Preliminary diagnosis may be made in utero via standard ultrasound, and can be confirmed with a standard anatomy ultrasound. Hydranencephaly is sometimes misdiagnosed as bilaterally symmetric schizencephaly (a less destructive developmental process on the brain), severe hydrocephalus (cerebrospinal fluid excess within the skull), or alobar holoprosencephaly (a neurological developmental anomaly).

Once destruction of the brain is complete, the cerebellum, midbrain, thalami, basal ganglia, choroid plexus, and portions of the occipital lobes typically remain preserved to varying degrees. The cerebral cortex is absent; however, in most cases, the fetal head remains enlarged due to increased intracranial pressure, which results from inadequate reabsorption of the cerebrospinal fluid produced in the choroid plexus.

==Prognosis==
There is no standard treatment for hydranencephaly.
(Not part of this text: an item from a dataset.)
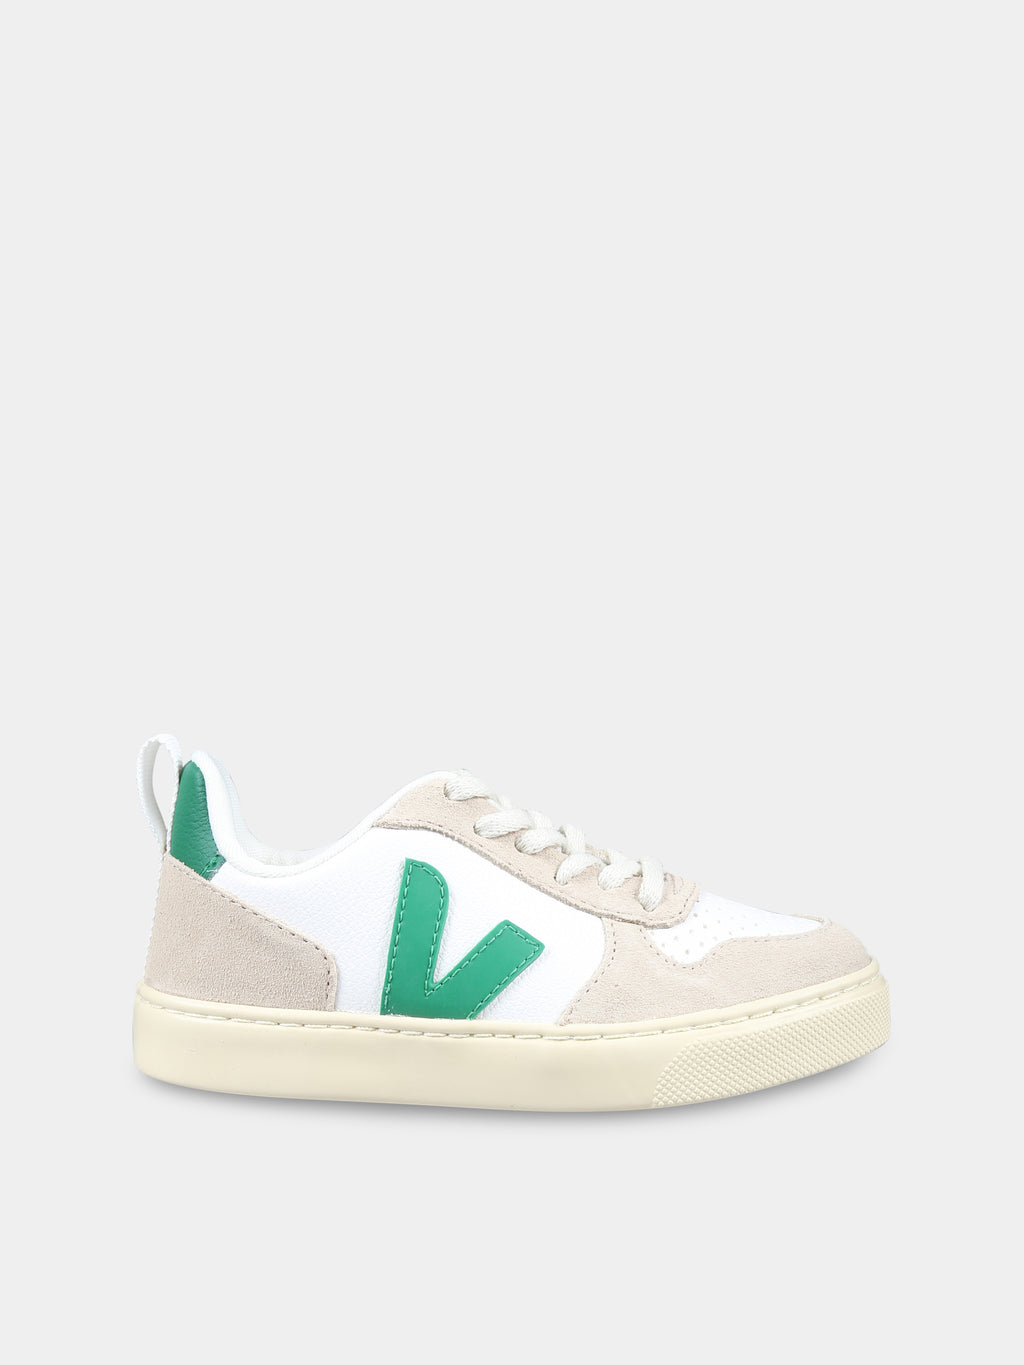 Ivory sneakers for kids with logo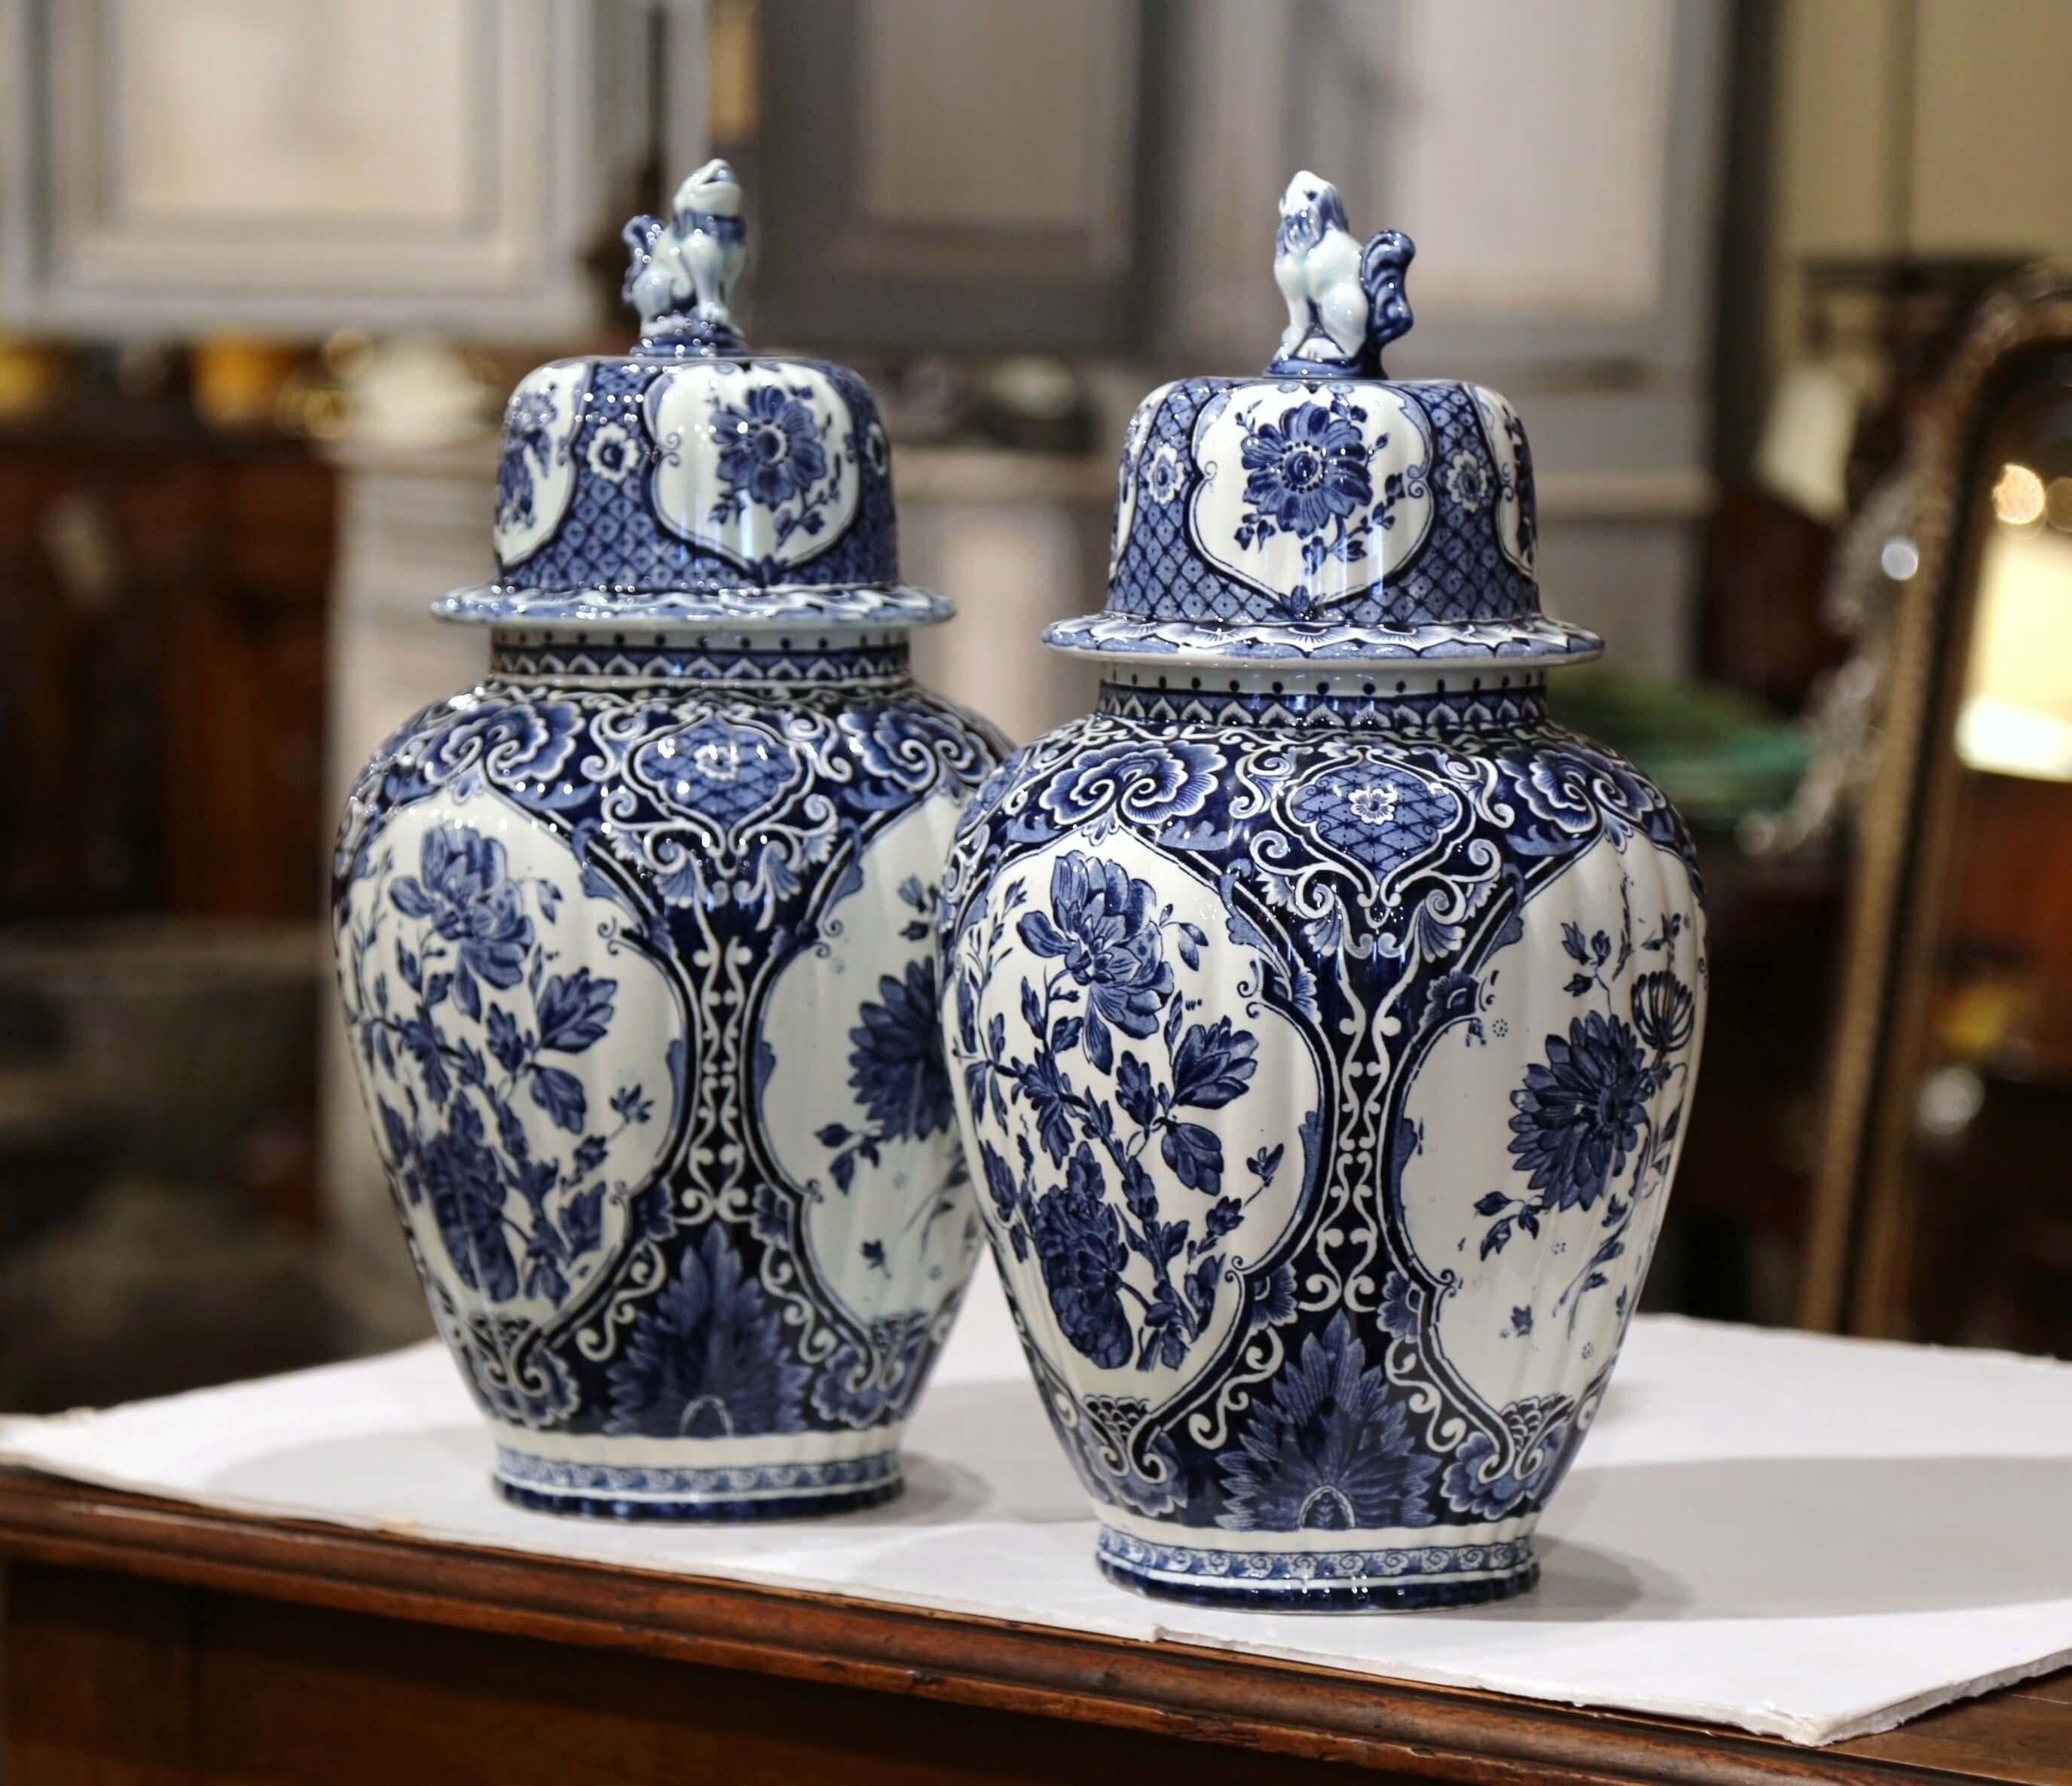 Created in Holland, circa 1960, the faience potiches feature hand painted medallions with Classic Dutch flowers and foliage. Signed delfts, the traditional blue and white jars have a dome lid embellished with dog figure at the top, and are stamped

Treatment is symptomatic and supportive. An accompanying diagnosis of hydrocephalus may be treated with surgical insertion of a shunt; this often improves prognosis and quality of life.

The prognosis for children with hydranencephaly is generally quite poor. Death often occurs within the first year of life, though it is possible to survive into adulthood.

==Occurrence==
This condition affects under 1 in 10,000 births worldwide. Hydranencephaly is a rare disorder in the United States, which is defined as affecting fewer than 1 in 250,000.